Wo wollte ich sein? Mein Herz schrie nach seinen Armen, meine Hände wollten sich in seinen Haaren festkrallen, mein ganzer Körper sehnte sich nach ihm, seiner Nähe und der Geborgenheit, die nur er mir geben konnte. Und dann war da noch der Teil in mir, der nach etwas anderem verlangte, der nichts mehr wollte, als dass sich meine Reißzähne durch die pergamentartige Haut an Aros Hals bohrten. Ich schloss die Augen.

„Alice?“

„Ich liebe dich Japser, bitte vergiss das nicht.“ Dann legte ich auf.
 

Die Dunkelheit, von der ich es gewohnt war geschützt zu werden, würde mir nicht viel nützen, dass wusste ich. Dennoch behielt ich mein Tempo bei, ging langsam aber sicher auf die Einfahrt Volterras zu. Ich war bereits letzte Nacht hier gewesen ohne dass mich jemand bemerkt hatte. Mit etwas Glück würde es mir ein zweites Mal gelingen. Nein, es musste mir ein zweites Mal gelingen. Ich hatte alles genau geplant und wusste genau, dass es fatale Folgen haben würde, wenn es nicht so vonstatten ging, wie ich es wollte. Es war gefährlich, aber meine Verzweiflung trieb mich nun schon zum zweiten Mal hierher. Die nächtlichen Ausflüge in die alte Stadt in der sich der aufhielt, der nichts anderes als den Tod und einen ewigen Aufenthalt in der Hölle verdiente, sollte mir dabei helfen endlich zu entscheiden, was zu tun war, aber bis jetzt hatte ich keinen Erfolg gehabt.
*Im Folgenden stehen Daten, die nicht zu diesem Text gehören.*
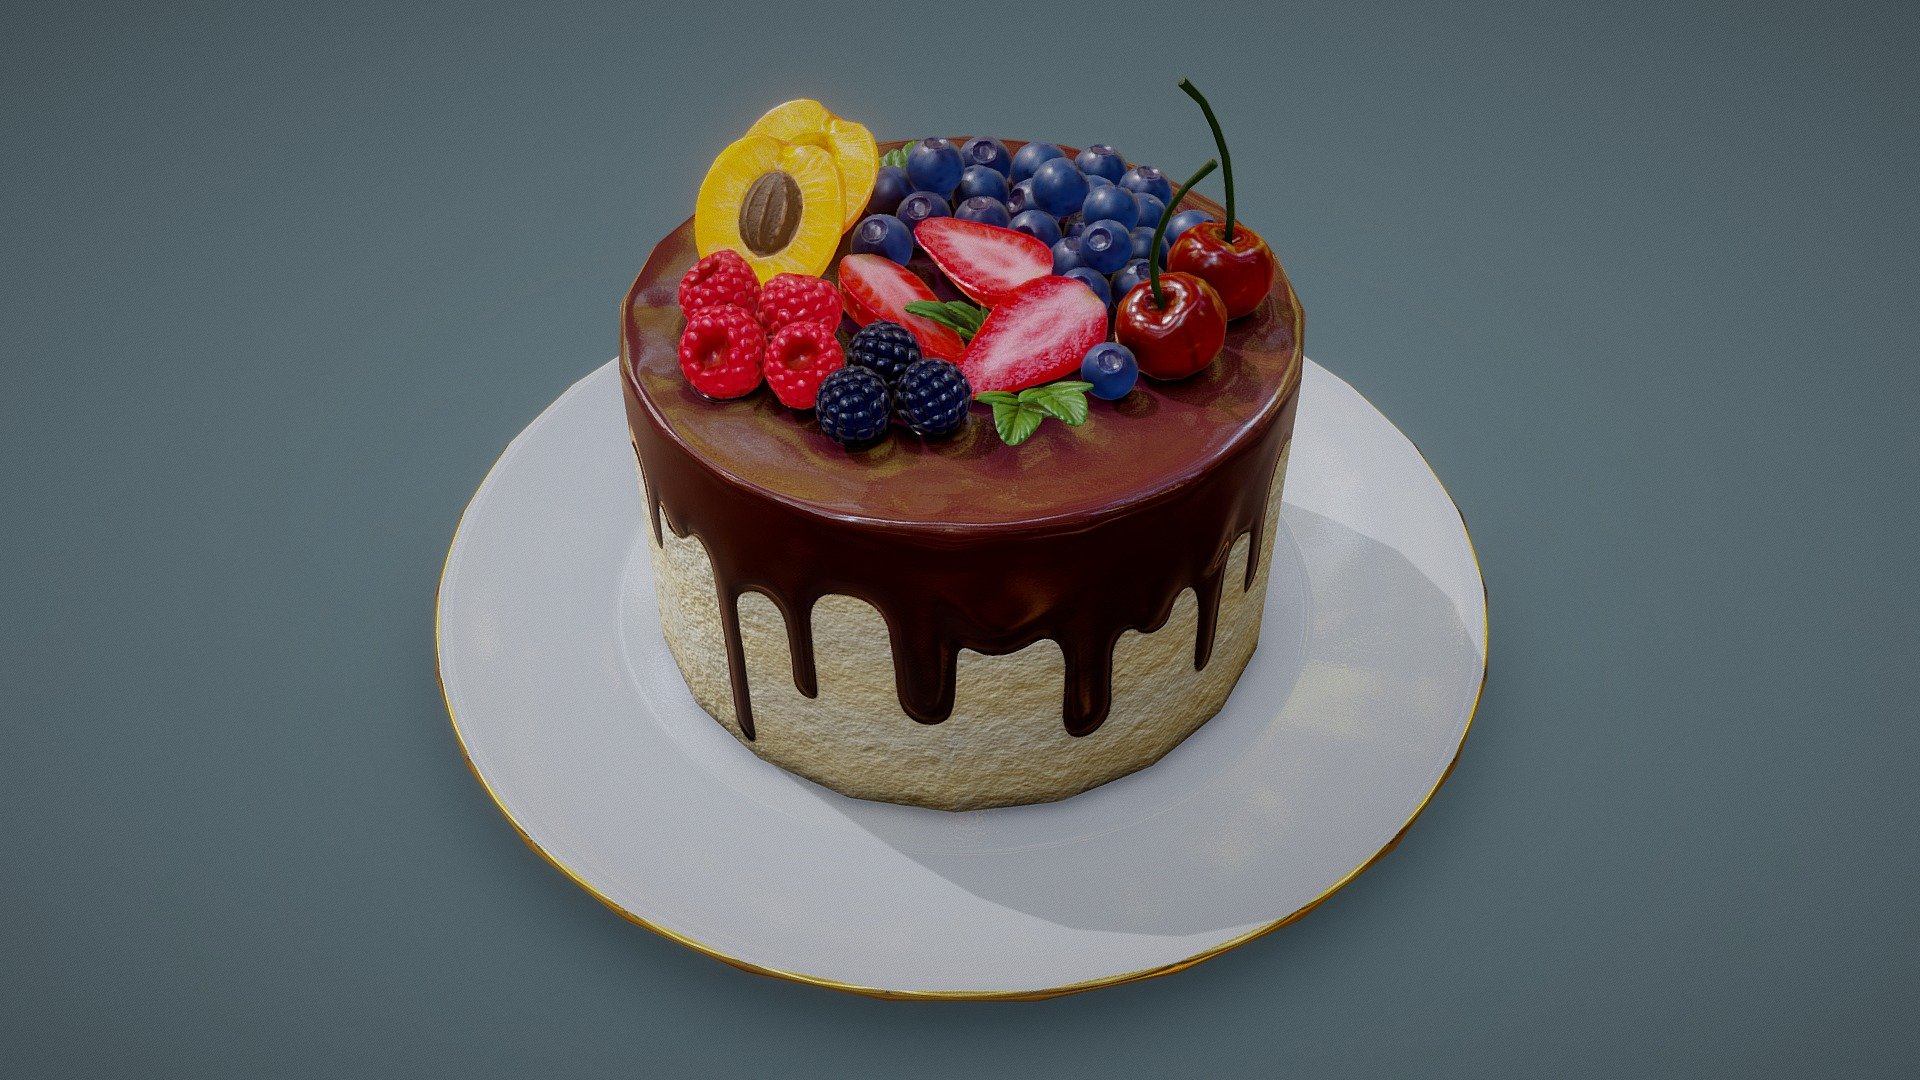 Rich Berry Cake - 3D model by F3dorov [018a1c8] - Sketchfab

Mein langer Rock, der für diese Gegend üblich war, schleifte über den Boden und wippte hin und her, während ich weiter vorwärts ging. Er war nicht gerade das geeignetste Kleidungsstück zum kämpfen, aber ich hatte nicht vor es so weit kommen zu lassen. Würde es dennoch passieren, hatte ich ohnehin keine Chance.
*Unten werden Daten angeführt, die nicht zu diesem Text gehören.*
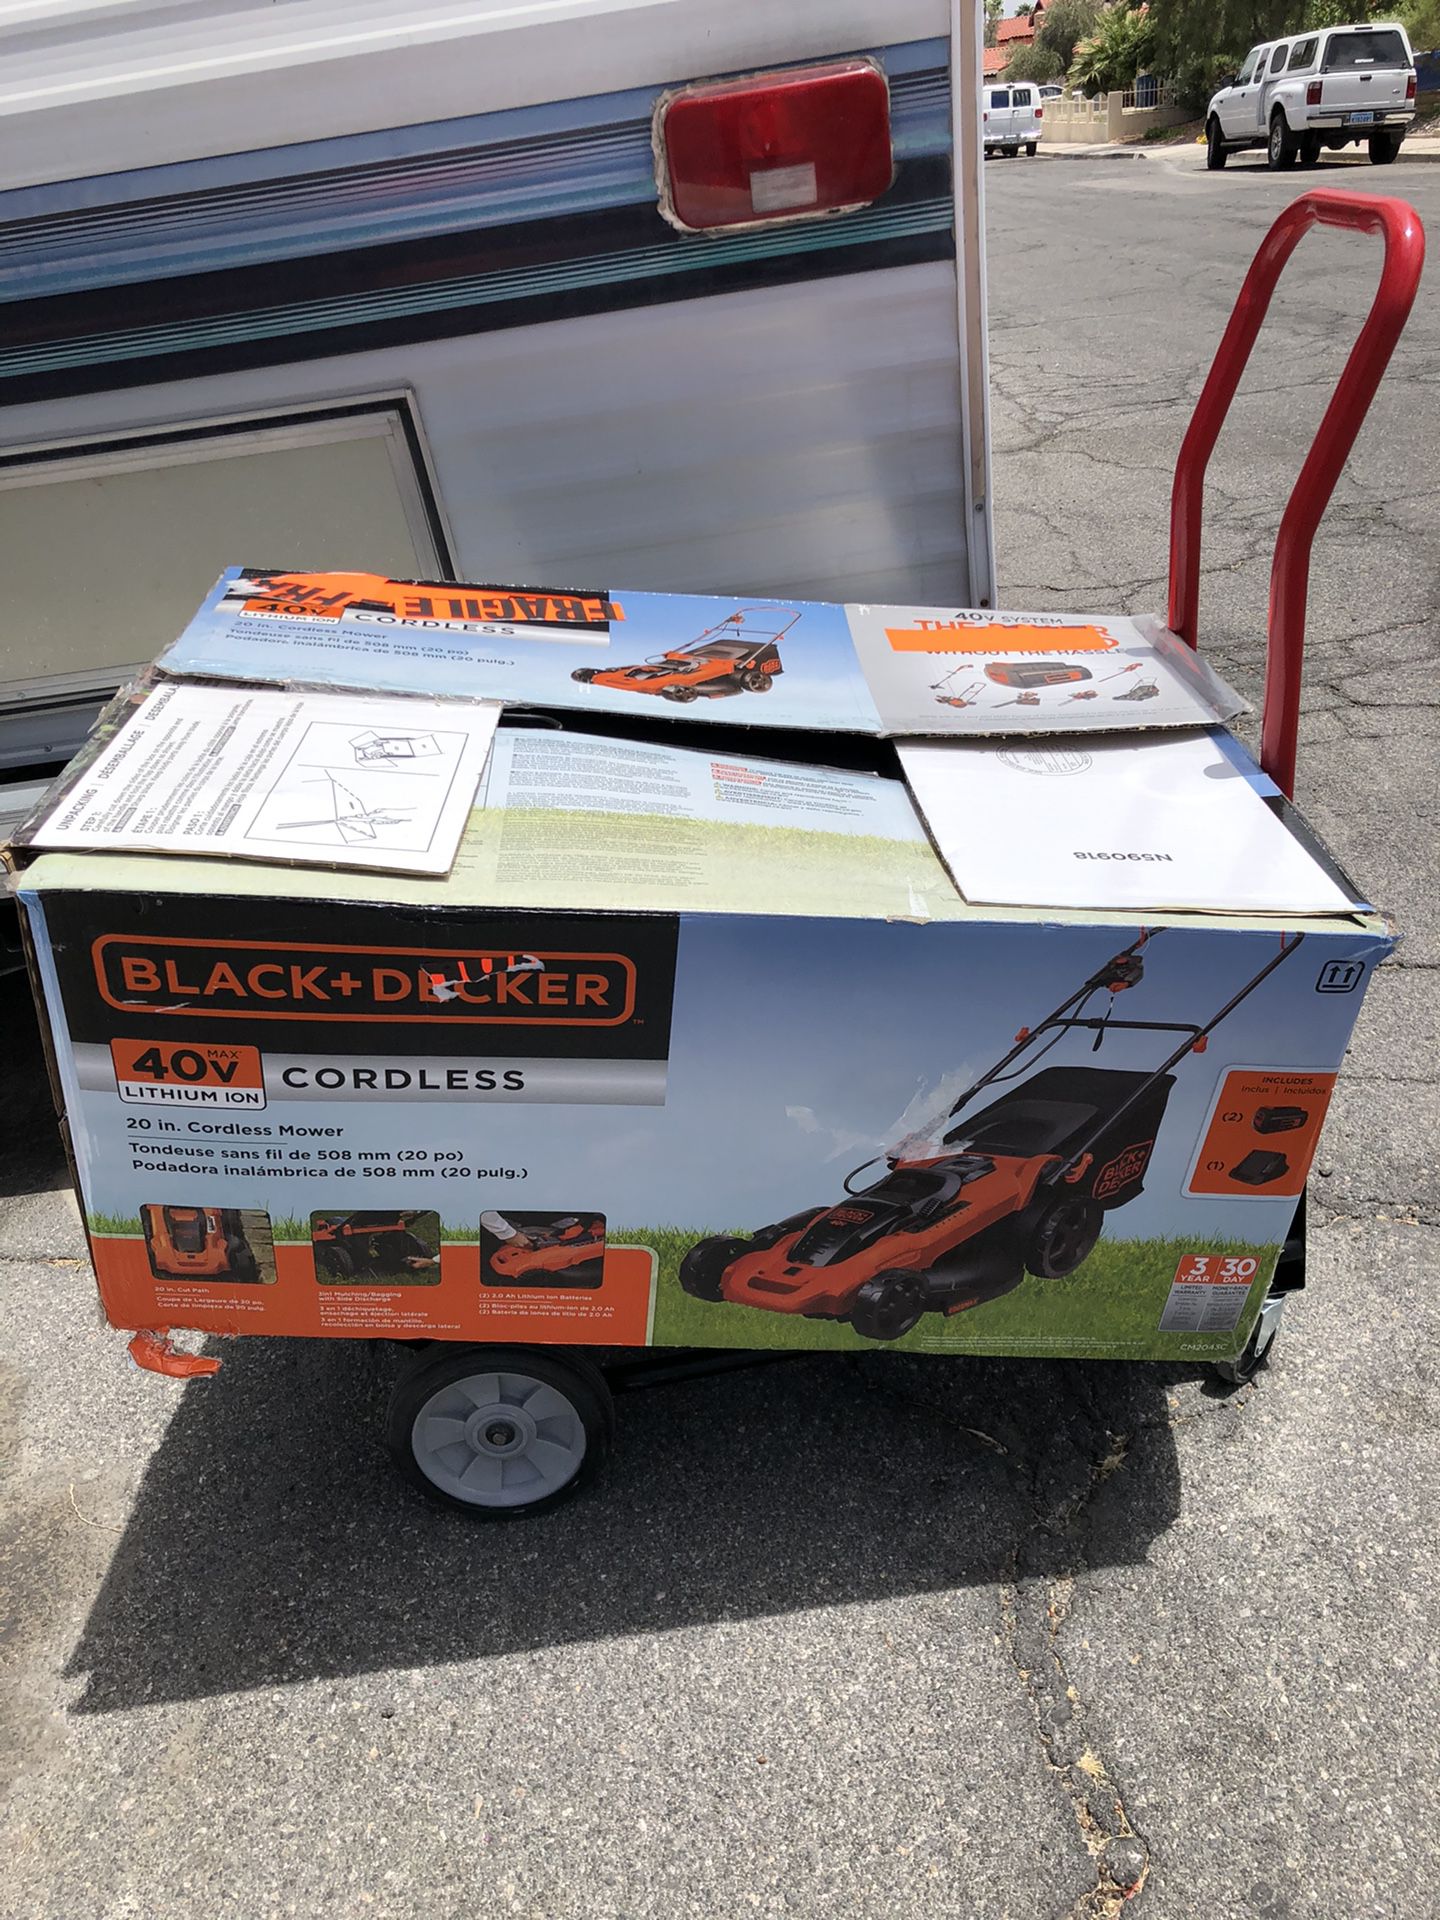 Black+Decker battery lawn mower

Meine Schritte hallten von den Wänden der teils sehr eng beieinander stehenden Häuser wieder und ich behielt meine Umgebung wachsam im Auge. Es war nahezu unglaublich, aber es schien tatsächlich so, als wenn der Garde meine Anwesenheit nicht auffiel. Bei meinem ersten Ausflug hatte ich dieser Tatsache keinerlei Beachtung geschenkt, aber inzwischen kam es mir merkwürdig vor.

Ich schlich weiter durch die Gassen bis ich endlich wieder an der Stadtmauer ankam. Ich sprang hinauf und ließ mich auf dem kalten Stein nieder um die vor mir liegende Stadt im Mondlicht zu betrachten. Von hier aus konnte ich über nahezu alle Dächer hinweg sehen, nur der Turm ragte groß und bedrohlich über alles anderen hinaus.
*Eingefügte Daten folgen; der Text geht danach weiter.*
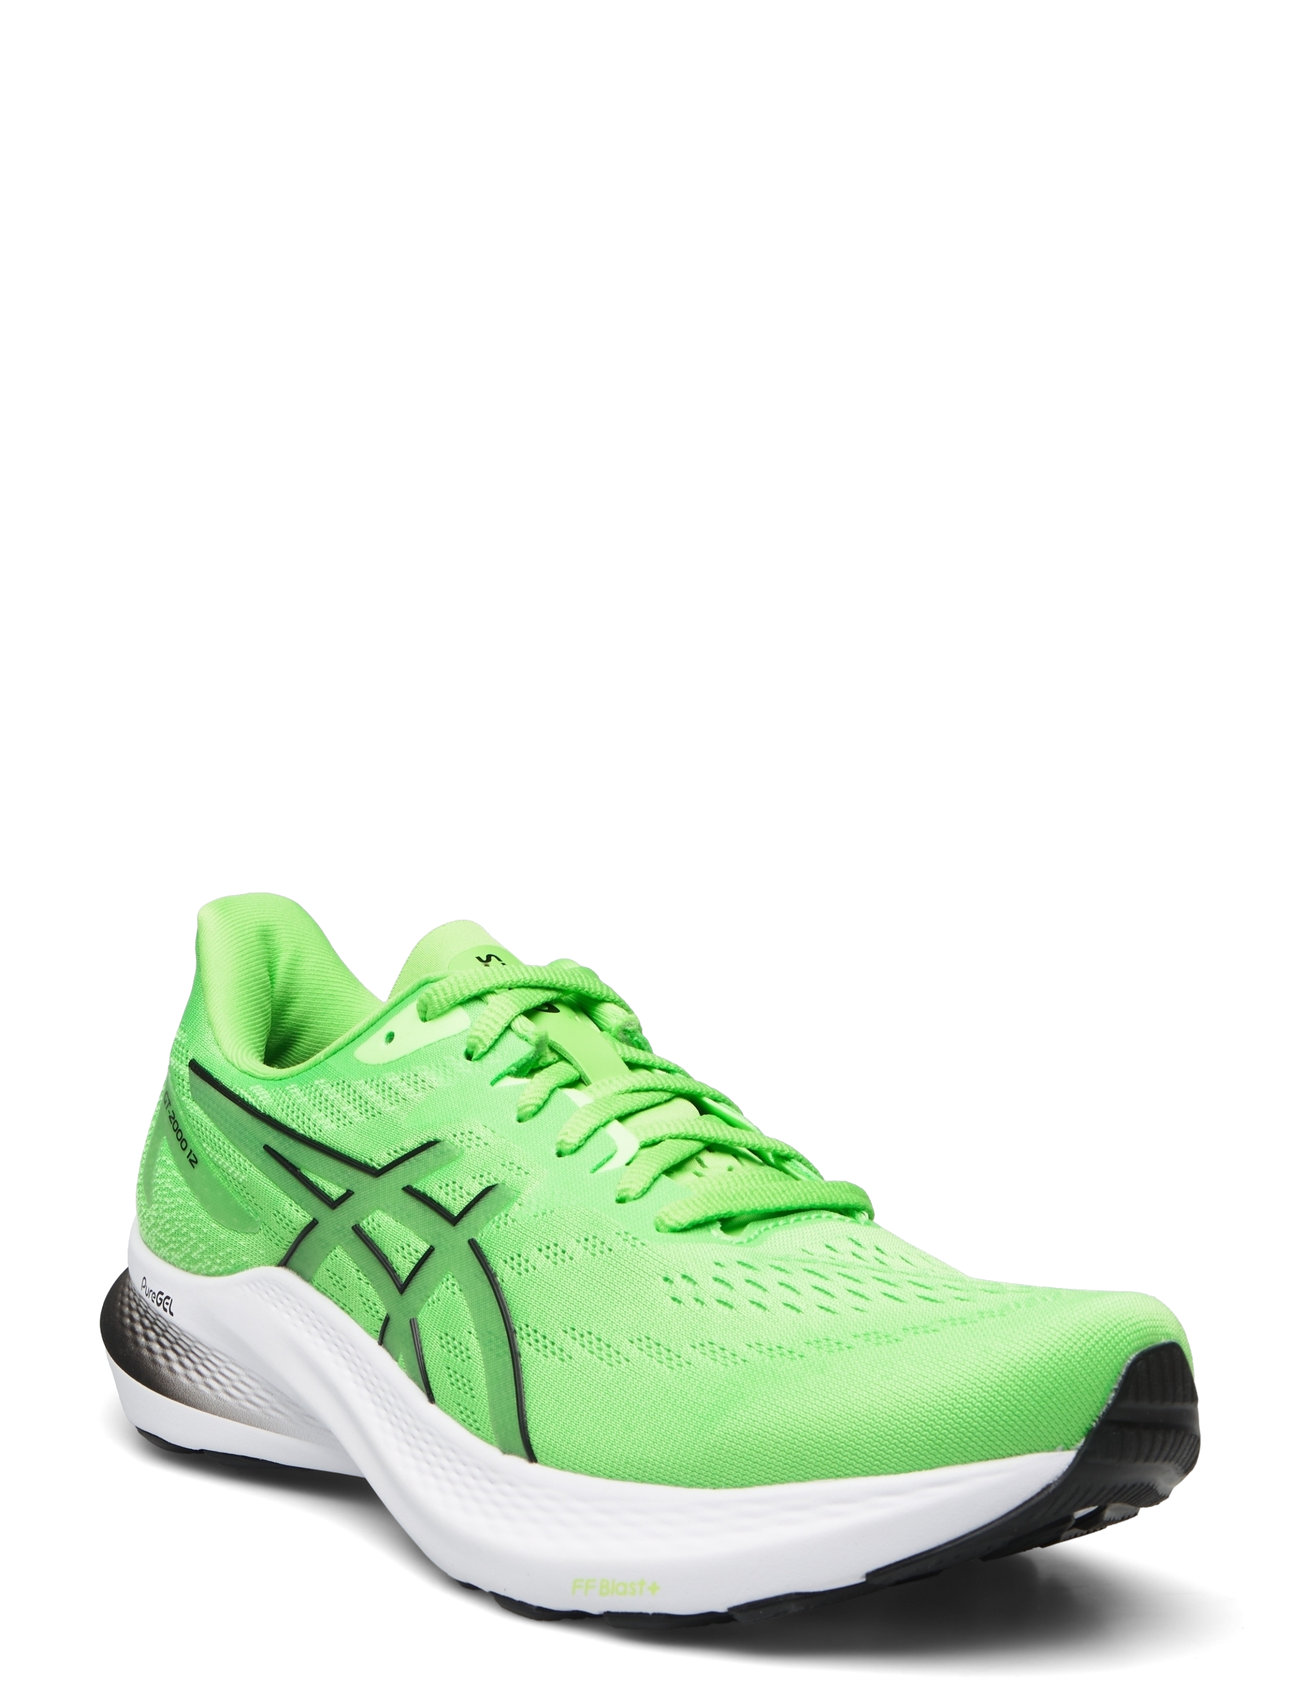 Gt-2000 12 Sport Sport Shoes Running Shoes Green Asics

Wie würde es weitergehen, was würde geschehen?

Ich schloss meine Augen, um nicht von meiner Umgebung abgelenkt zu werden, und konzentrierte mich auf das, was kommen würde. Ich konnte sehen, wie Aro an einem mir unbekannten Ort auf und abschritt, grübelnd.

Was würde geschehen?

Flammen wirbelten vor meinem Auge hin und her, loderten auf, fraßen alles in sich hinein, dann erloschen sie, wurden zu schwarzer Asche. Dann blitzen Zähne auf, hart und strahlend weiß, als wären sie stundenlang poliert worden. Aro, auf dem Boden liegend, grässlich zerstückelt. Japser, der mit unbeschreiblich trauernder und wütender Miene Asche durch seine Finger rieseln ließ. Seine Überreste, verteilte Gliedmaßen, Gebrüll.

Keuchend riß ich die Augen auf. Seit Tagen wirbelten diese Bilder in meinem Kopf herum, raubten mir jede Hoffnung auf alles, zeigten mir, wie ich versagen würde, wie ich gewinnen würde, wie andere sterben würde.

Meine eigene Unentschlossenheit war die Falle, in der ich gefangen war. Solange ich nicht wusste, was ich tun würde um meine Rache zu nehmen, solange ich nicht entschieden hatte, was der nächste Schritt war um das zu bekommen, was ich unter allen Umständen haben wollte, solange konnte Aro sich nicht entscheiden.

Ein Teufelskreis, den ich nicht durchbrechen konnte. Ich konnte mich erst entscheiden, wenn ich wusste, was er vorhatte und er würde erst etwas gegen mich unternehmen, wenn ich mich entschieden hatte und anfing zu handeln.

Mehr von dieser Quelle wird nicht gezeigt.